Only one stretch of the material below is wanted: everything from the line containing "5 Reasons Why" down to the line containing "Southmont's Zayden Dunn", both ends included. Repeat it exactly and skip the pictures.

== LISTED RECORDS ==

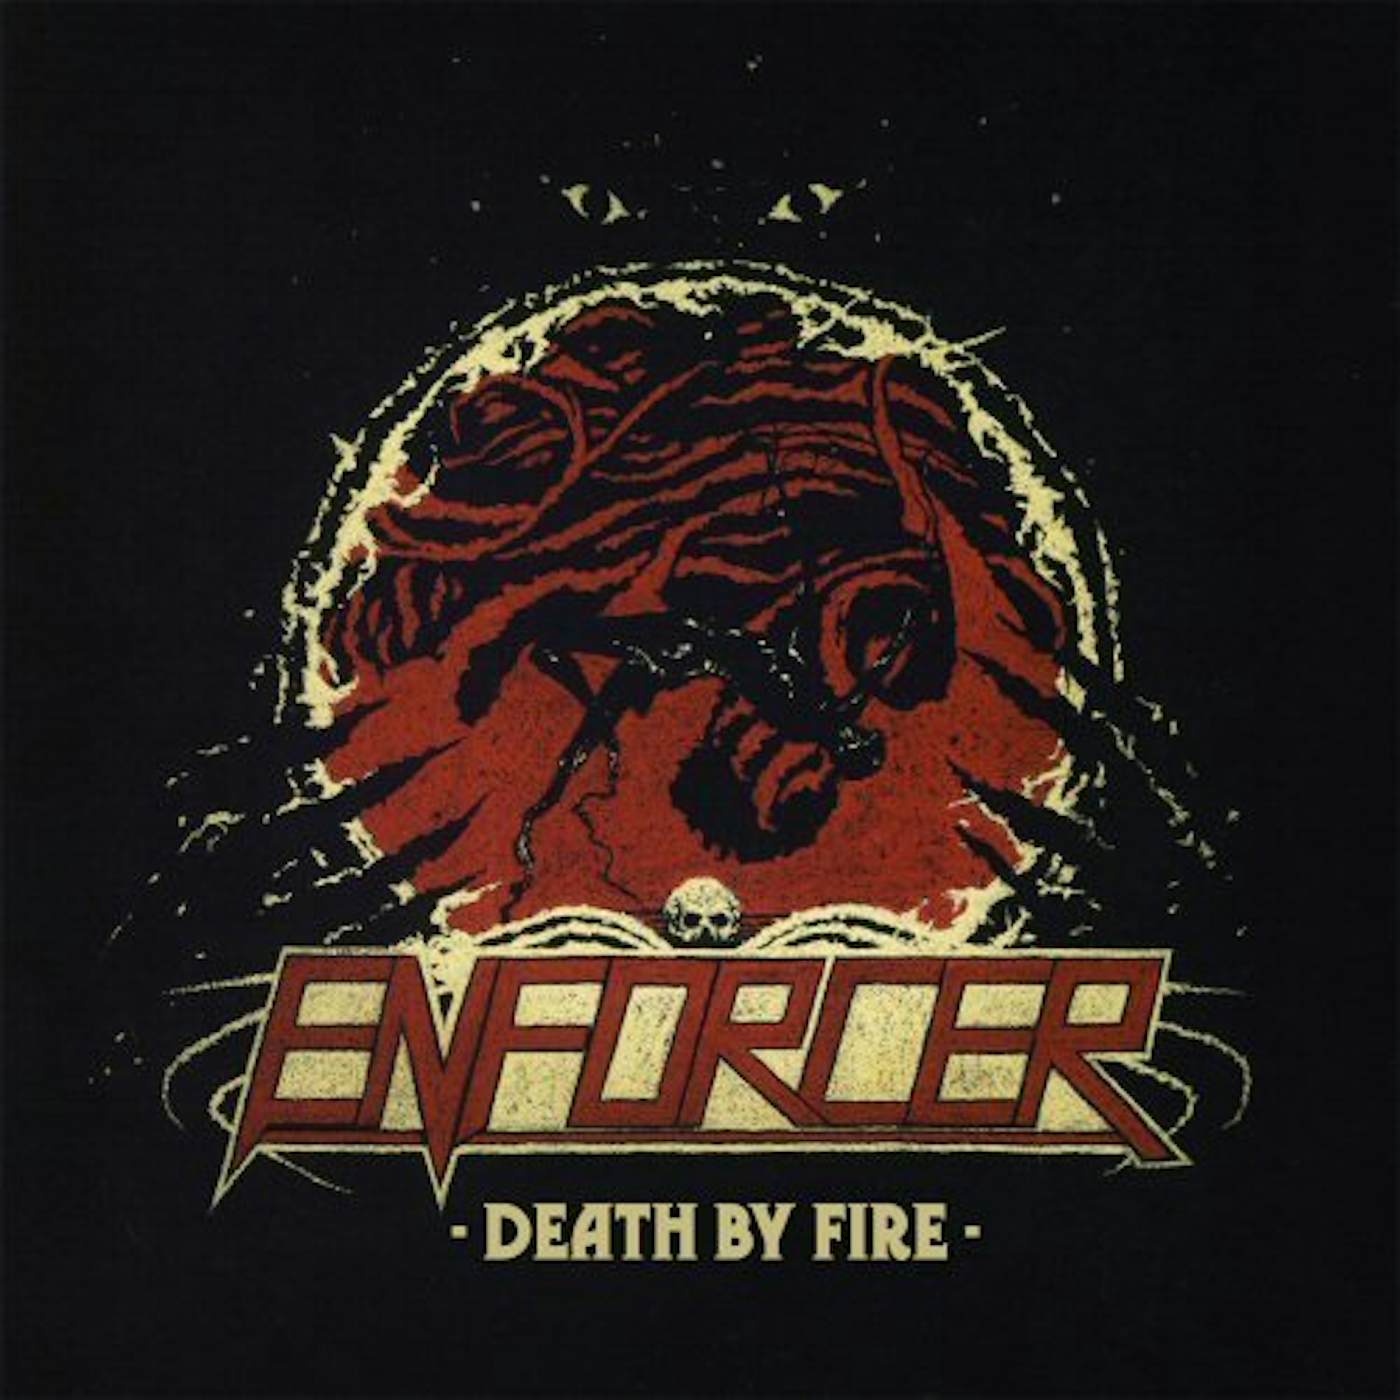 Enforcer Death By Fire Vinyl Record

===
== LISTED RECORDS ==

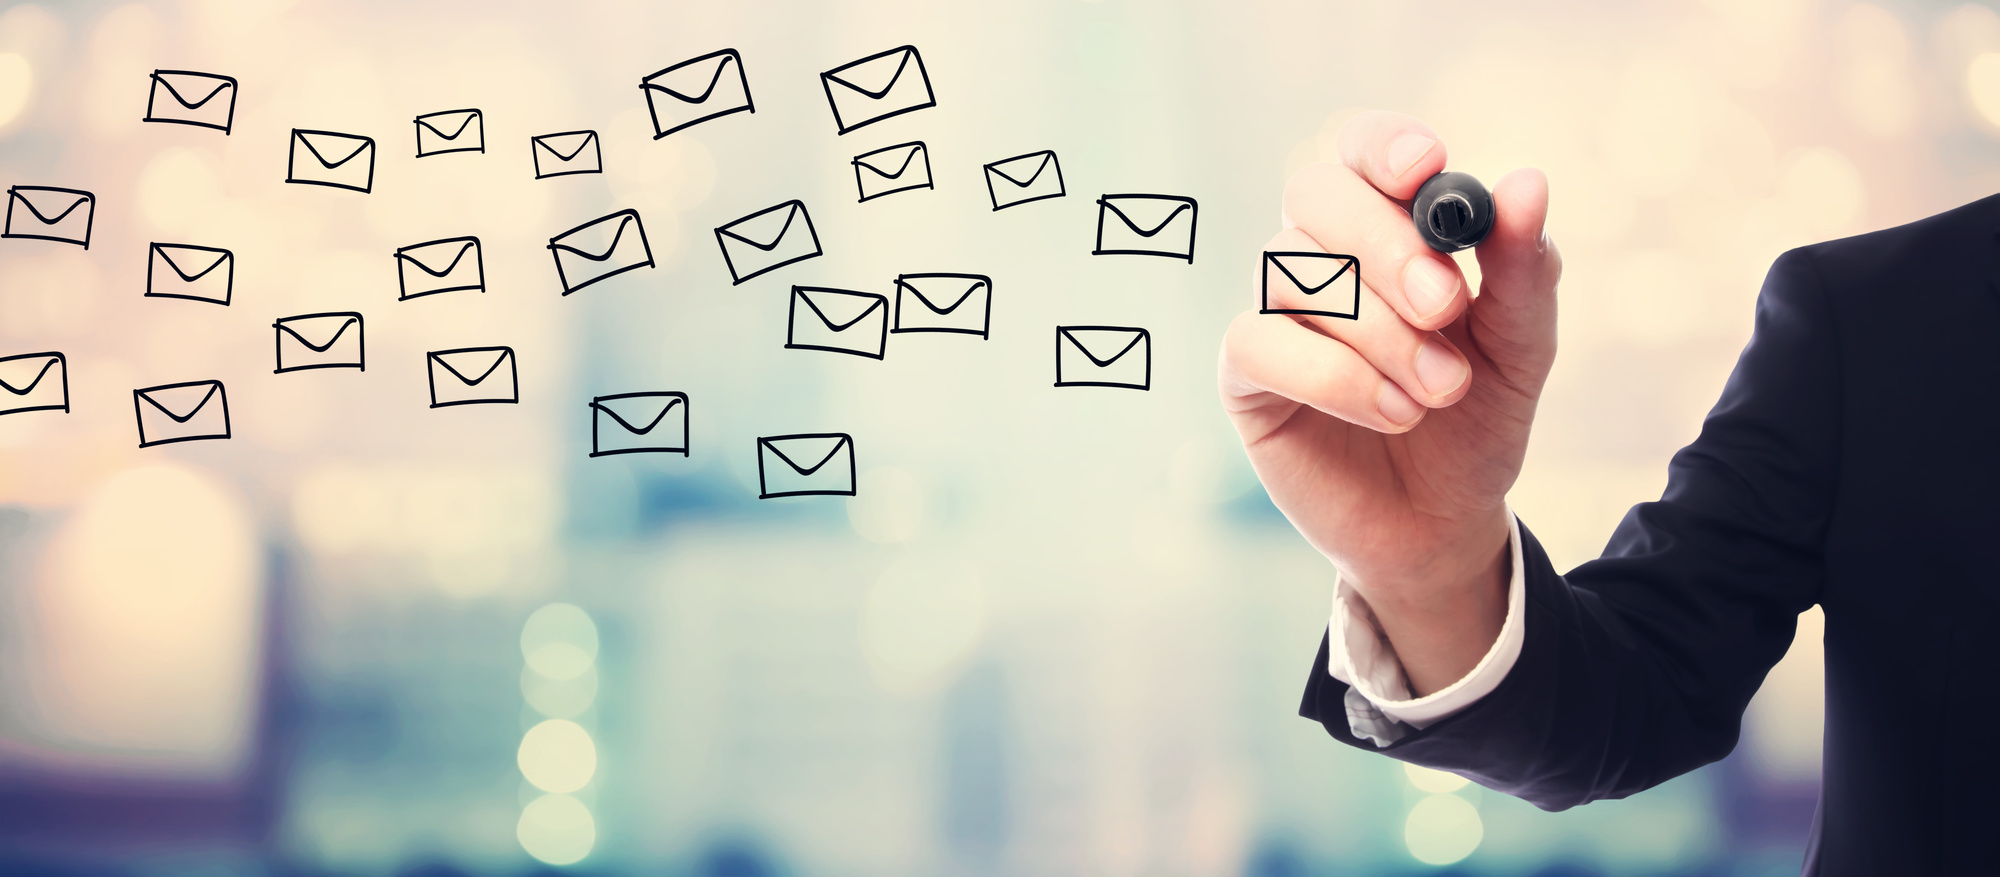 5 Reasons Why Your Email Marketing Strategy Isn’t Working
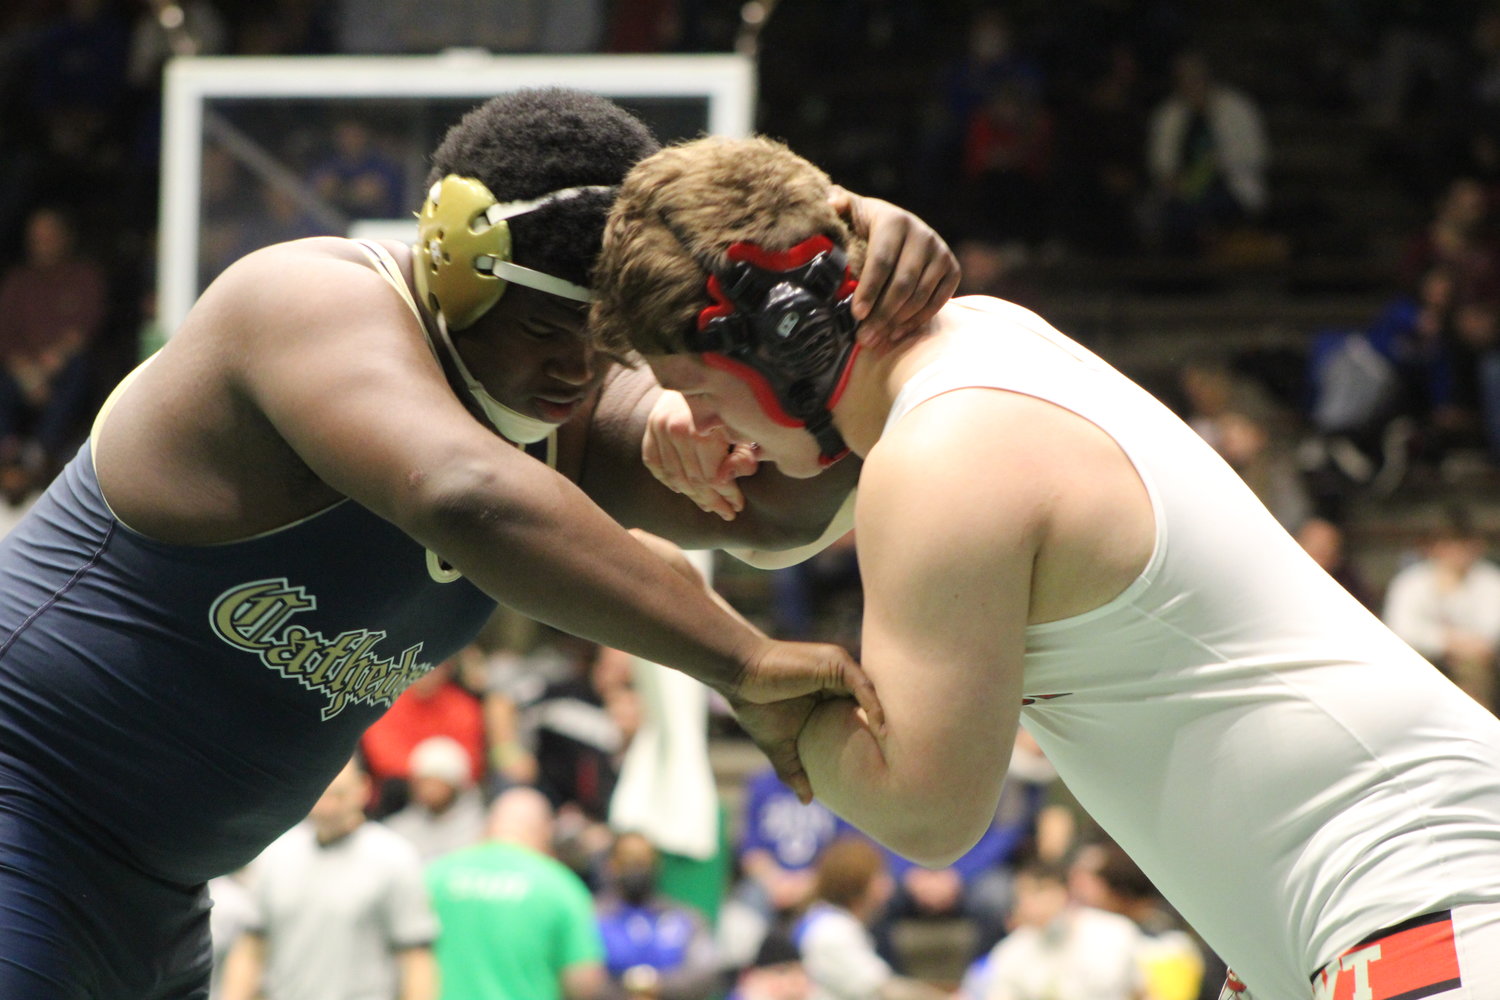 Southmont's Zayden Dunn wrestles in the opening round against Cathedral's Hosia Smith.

===

SOLUTION –
 5 Reasons Why Your Email Marketing Strategy Isn’t Working
 Southmont's Zayden Dunn wrestles in the opening round against Cathedral's Hosia Smith.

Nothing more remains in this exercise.